Cool Riders (Japanese: クールライダーズ) is a 1995 racing arcade game by Sega. It is the spiritual sequel to OutRunners and has a similar premise to it, though rather than driving cars, the player rides bikes. It also uses digitized graphics similar to Mortal Kombat. The Steppenwolf song "Born to Be Wild" is featured as the game's opening theme, as well as one of selectable in-race music.

Cool Riders was emulated by the MAME emulator in 2004, but it wasn't working until 2013. This is because it was the only arcade game on the Sega H1 Board hardware, which used a unique graphics compression scheme.

==Gameplay==
The object of Cool Riders is to finish each stage ahead of a computer-controlled rival by the end of a stage's checkpoint and within the allotted time. Whoever finishes first gets to select the next stage. For every rival defeated up to stage four, the player receives a promotion, indicated on the lower left-hand corner of the screen. There are three routes to choose from (westbound and eastbound routes with a middle route that takes the player through the United States.)

There are five stages. The fifth stage is an "Extra Stage" where the object is to outrace all seven computer-controlled rival opponents on the streets of New York City to the finish line. Regardless of what happens, the player character's ending will display on a projector if the player had time left over to finish the race, followed by a map containing the route the player took to reach the Extra Stage and the finish line, followed by the word "FINISH" appearing in the center of the screen.

Sonic the Hedgehog appears in this game. When the player completes the game, his head and that of Tails are icons for the player's initials in the high score table.

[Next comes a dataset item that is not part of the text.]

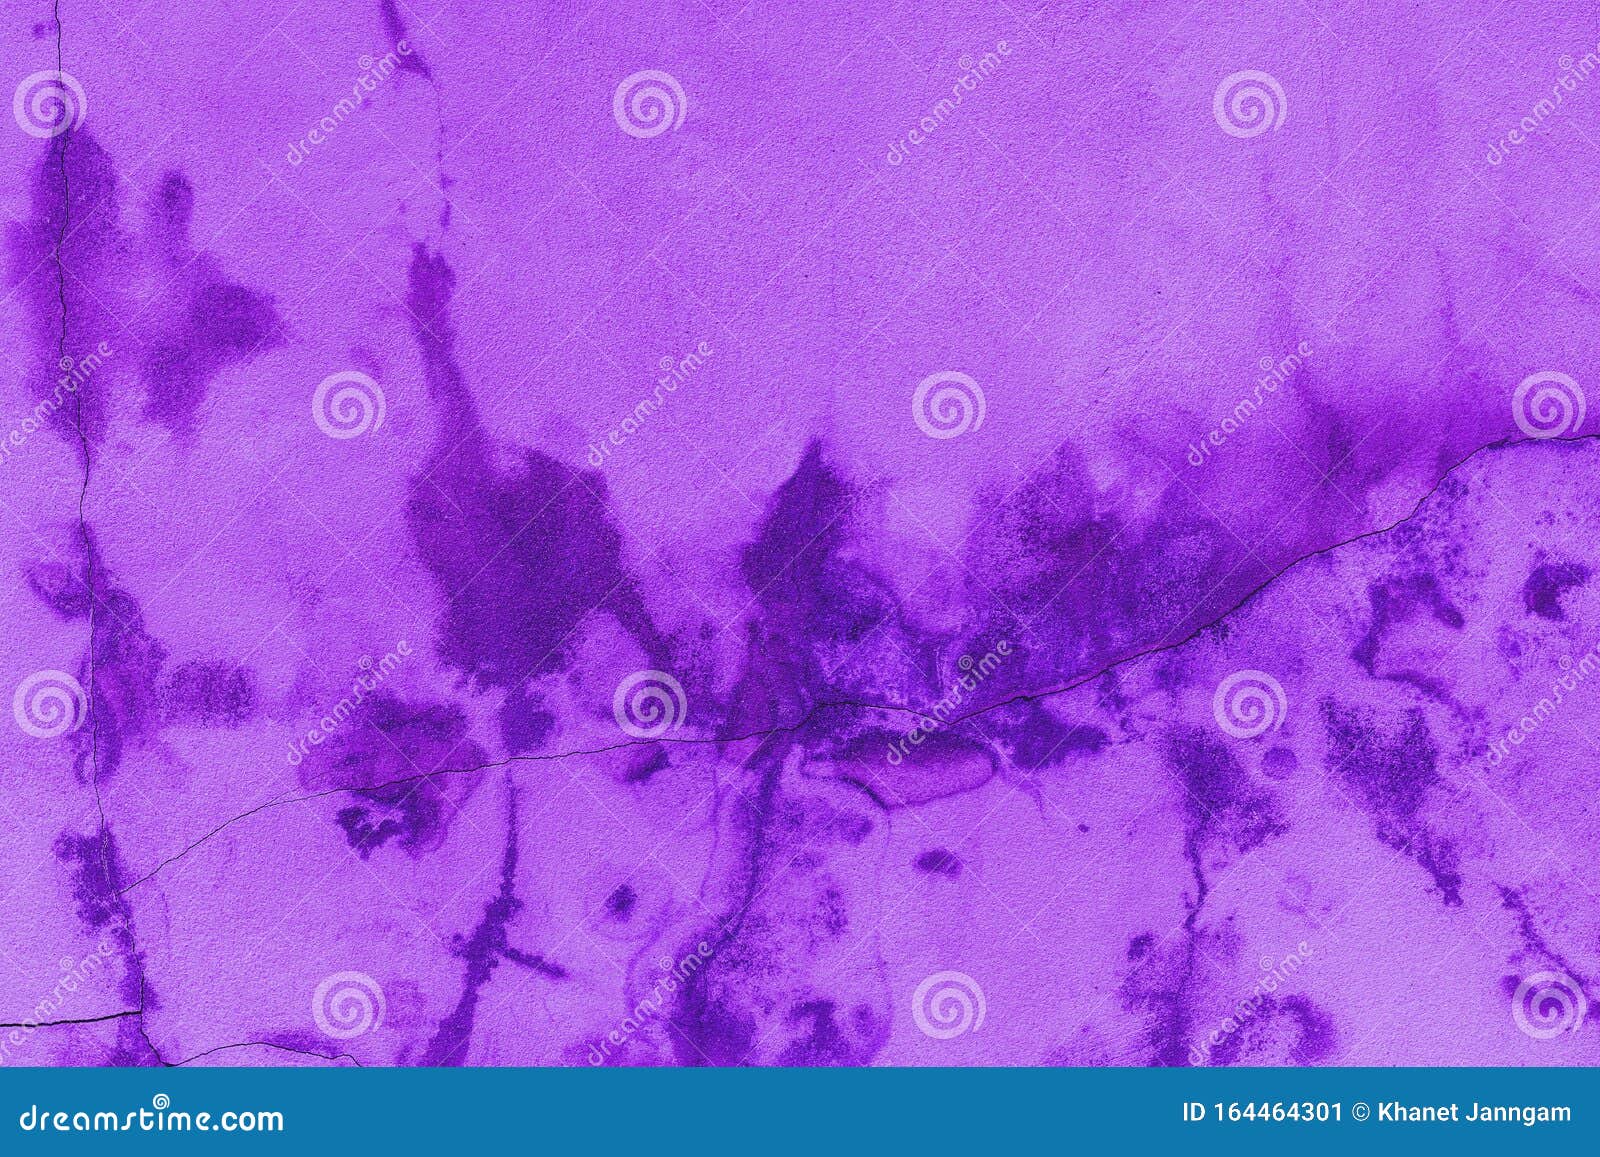 水泥质子紫背景库存图片 图片包括有水泥质子紫背景

The game has failure animations when the player runs out of time during a race and comes to a complete stop. The announcer says the same "game over" message as in OutRunners: "I'm sorry. You didn't make it." When this happens, mini-cutscenes depending on the character the player chose play, ranging from one character throwing a tantrum on a scooter to characters being carried or thrown off the screen, followed by a map showing the route the player took with the word "RETIRE" appearing in the center of the screen.

==Reception==
In Japan, Game Machine listed Cool Riders on their July 15, 1995 issue as being the seventh most-successful dedicated arcade game of the month. A critic for Next Generation panned the game, commenting that "Realism is ridiculously absent, a sense of speed is almost nil, and control is plain sloppy; you practically have three directions, straight, and a left and right turn at 45 degrees. With games like Cyber Cycles eating up players' quarters, Cool Riders is just not up to par." He gave it two out of five stars.